Liberty is not a means to a political end. It is itself the highest political end.

— Lord Acton

Legislative Update


I can finally see the light at the end of the proverbial tunnel in this legislative session.  Each day I thank God for the ability to serve you, the people of NW Iowa’s House District 1.  I have done the best I can to represent you.  In the process I have learned a lot this first legislative season and am extremely grateful for that opportunity for growth. 

To be clear, when I say that we are nearing the end, last Friday (May 1) was the official finish to this year’s legislative session.  We have passed some very good bills, some of which have become law, and signed by Governor Branstad.  We continue to debate budget bills which are still required to close out this legislative year. 

At a time where our budgets are so tight, I still find it overwhelmingly hard to swallow that some continue to politicize these circumstances by stating  disappointment that it took so long to get so little for Iowa’s schoolchildren.   A quick look at our state’s budget shows the House Republicans are not shortchanging our children but making them a priority with one of the few budgets in this state that is actually growing, at the expense of all else.  When we look at inflation rates in the Midwest we find that inflation rates here are 1.7 percent this year.  So with this 1.25 percent in SSA and a potential additional amount in one time monies we are more than providing for our children.  I say, let’s stop with the Washington politics and move forward as Iowans. 
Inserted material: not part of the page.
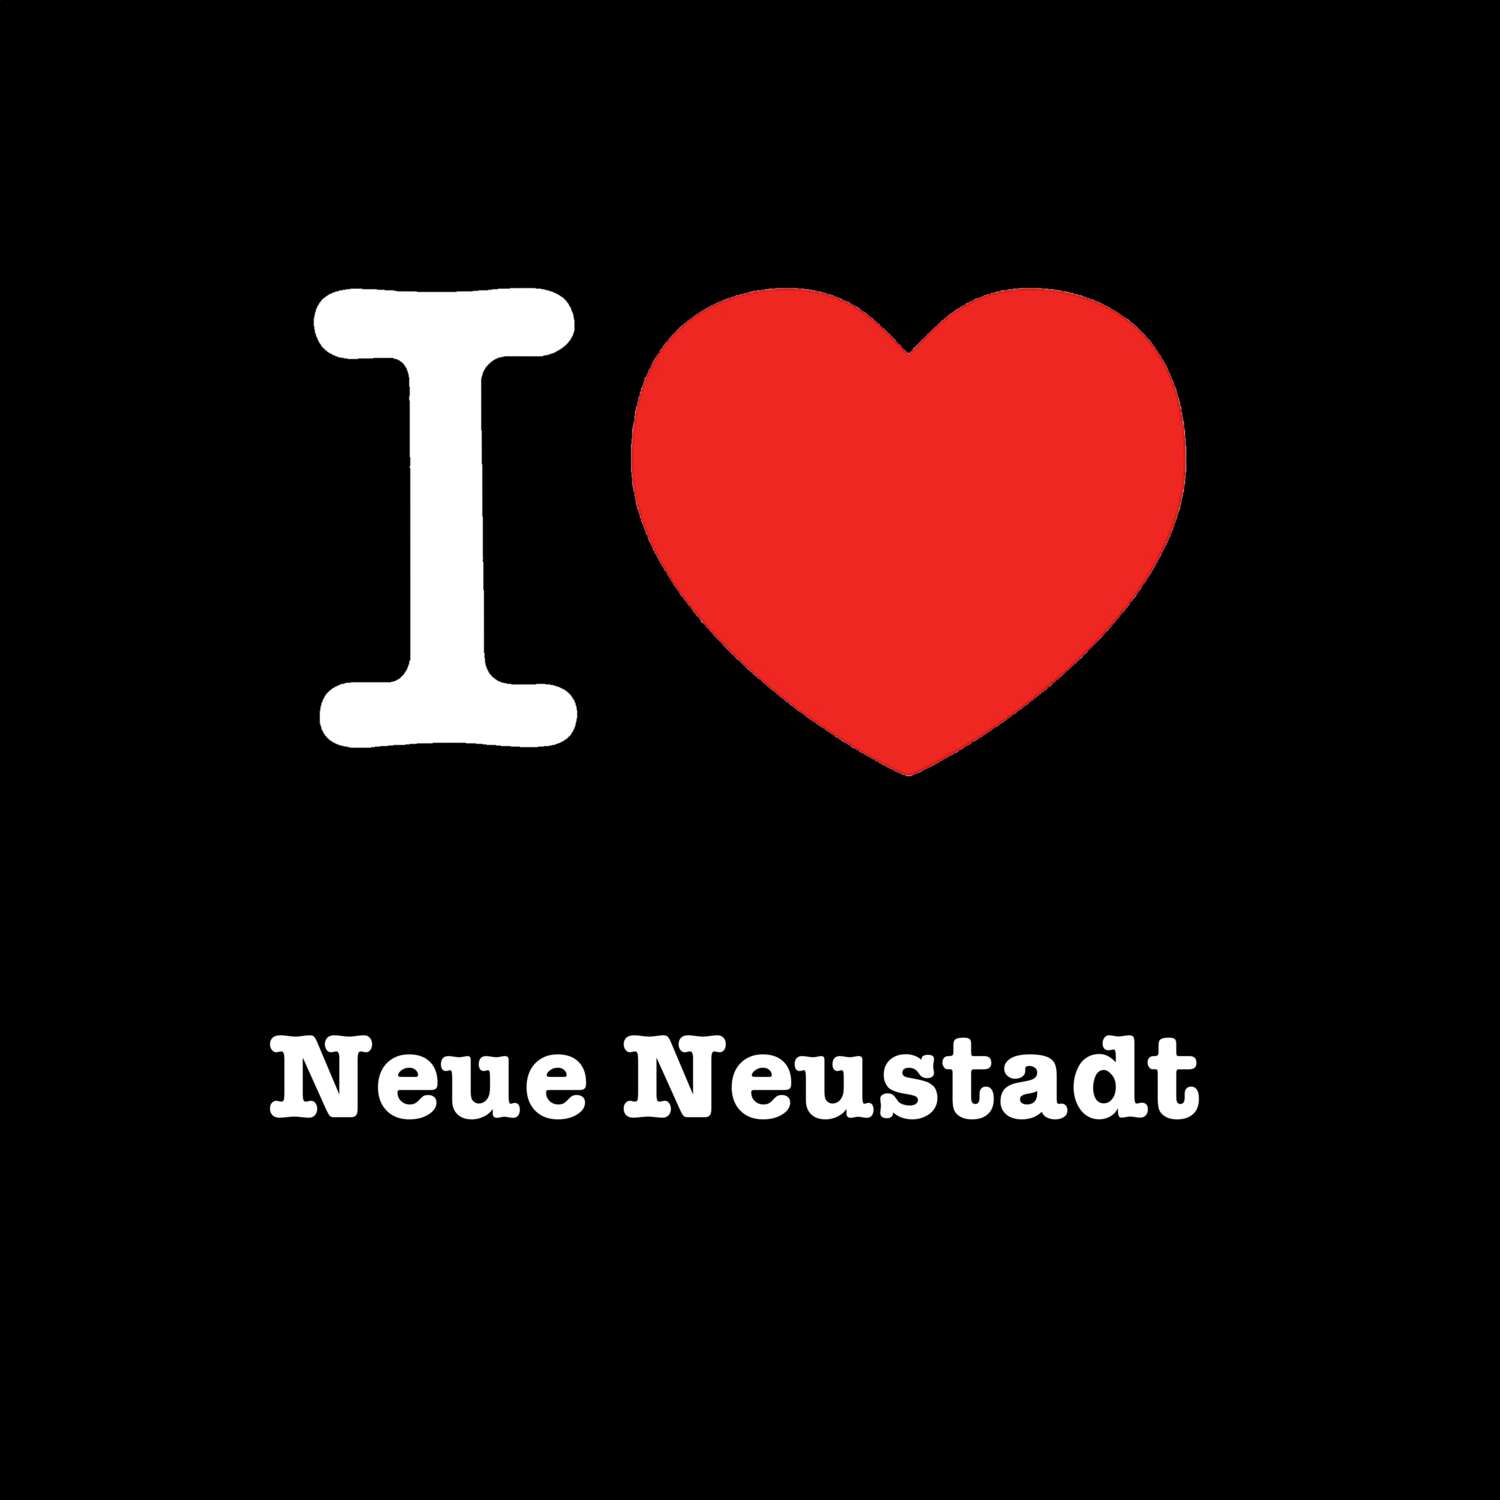 Neue Neustadt T-Shirt »I love«
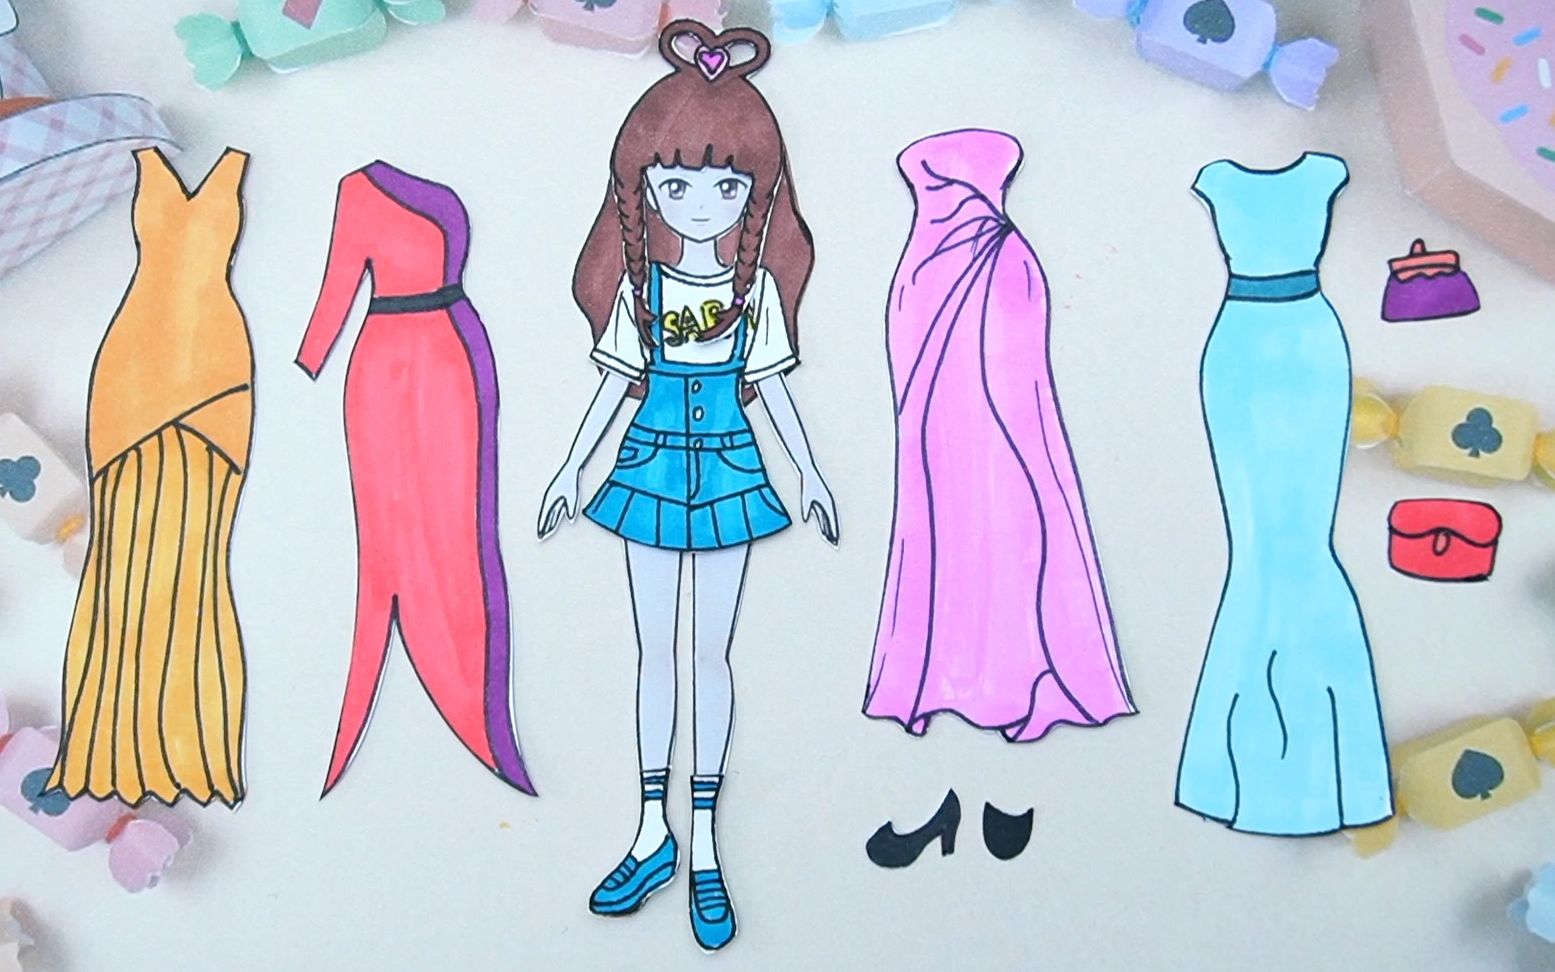 纸娃娃创意手工:给叶罗丽王默制作四件晚礼裙,你喜欢哪件呢

State Supplemental Aid (SSA) for our K-12 schools was the major topic this year and that has taken a lot of our time and effort.  In recent weeks there have been new solutions floating around the capitol on SSA that I do find encouraging.  Schools have set their budgets and now continue to wait for the SSA to come in. 
At this point the SSA funding issue has not been settled.  At a time when Iowans’ family budgets are tight, our government budget should be prudent too.  I believe Iowa families would not choose to buy a new car but instead would buy bread and staples in challenging times and I expect nothing different from our state government.  So, just like our families would do, our government also needs to prioritize the available money we do have.  In the budgets that have been passed in the House this year that is precisely what you will find. We cannot escape the fact that we are in a period of tight budgets. As well, we do not yet fully understand how the Avian Flu might affect our state’s economy in the next year and we must be vigilant. 


Representative John H. Wills

Legislative Priorities 


House Republicans are committed to these principles to produce a balanced and sustainable state budget:

  1. We will spend less than the state collects;
  2. We will not use one-time money to fund on-going needs;
  3. We will not balance the budget by intentionally underfunding programs; and
  4. We will return unused tax dollars to Iowa’s taxpayers.
The House Republican position on government spending is reasonable, sustainable and based on simple common-sense budgeting principles.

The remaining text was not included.